We will finish this section with an analytic formula for the winding number.
Fix a smooth path $\gamma : [a,b] \to \C \setminus \{0\}$ that is closed. Then \[\wind(\gamma,0) = \frac{1}{2 \pi i} \int\limits_\gamma \frac{1}{z} \intd z\]
By the previous theorem we can write \[\gamma(t) = r(t) e^{i \theta(t)}\] with $r : [a,b] \to (0,\infty)$ differentiable and $\theta : [a,b] \to \R$ differentiable. Then \[\gamma'(t) = r'(t) e^{i \theta(t)} + r(t) i \theta'(t) e^{i \theta(t)}\] and \[\begin{aligned} & \int\limits_\gamma \frac{1}{z} \intd z \\ = & \int\limits_a^b \frac{r'(t) e^{i \theta(t)} + r(t) i \theta'(t) e^{i \theta(t)}}{r(t) e^{i \theta(t)}} \intd t \\ = & \int\limits_a^b \frac{r'(t)}{r(t)} \intd t + i \int\limits_a^b \theta'(t) \intd t \\ = & \ln( r(b) ) - \ln( r(a) ) + i \theta(b) - \theta(a) \vphantom{\int\limits_a^b} \\ = & 2 \pi i \wind(\gamma,0) \end{aligned}\] which is what we wanted to prove. $\square$
With the above theorem in hand, it is straightforward to prove via a substitution that \[\wind(\gamma,w) = \frac{1}{2\pi i} \int\limits_\gamma \frac{1}{z-w} \intd z\] for any smooth path $\gamma$ and any $w$ not on $\gamma$.

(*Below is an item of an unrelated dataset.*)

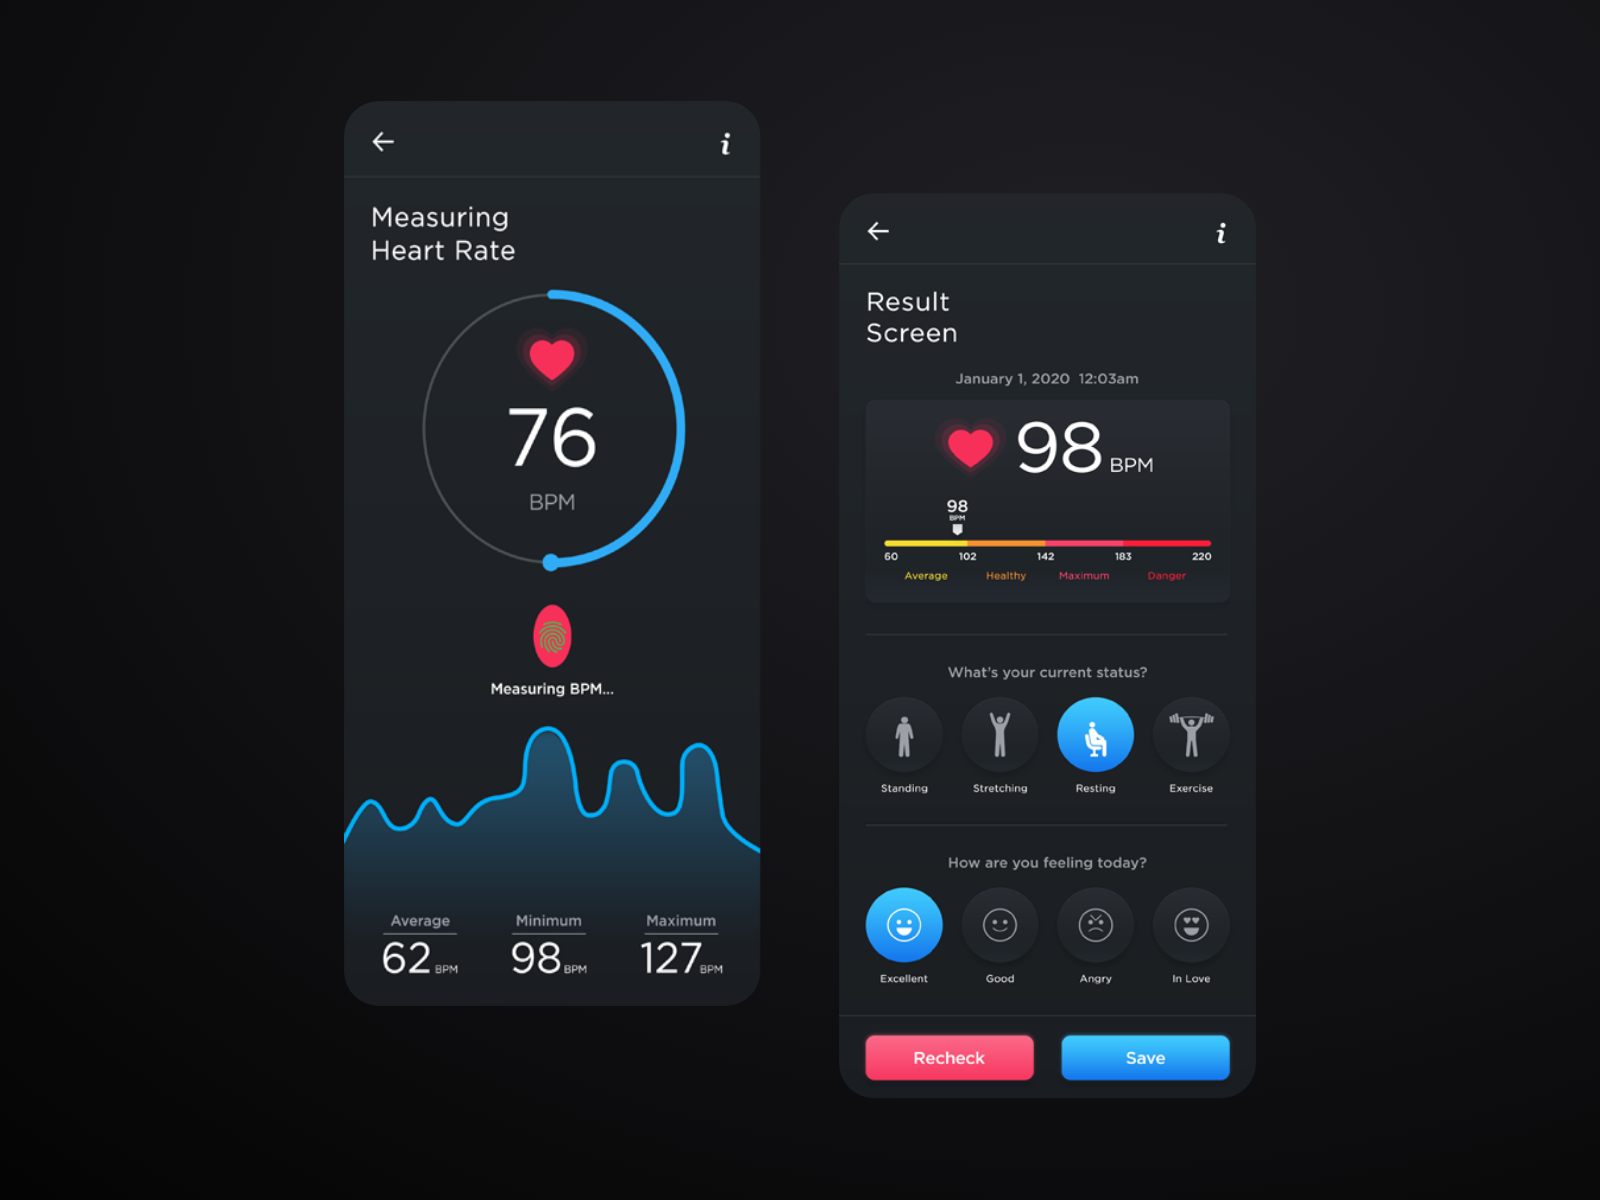 heartbeat monitor app

Recall that a contour is a family $\Gamma = (\gamma_1,\dots,\gamma_n)$ of smooth paths with each $\gamma_{i+1}$ starting where $\gamma_i$ ends. For a contour the winding number is defined to be \[\wind(\Gamma,z) = \wind(\gamma_1,z) + \cdots + \wind(\gamma_n,z)\] for any $z$ not on $\Gamma$.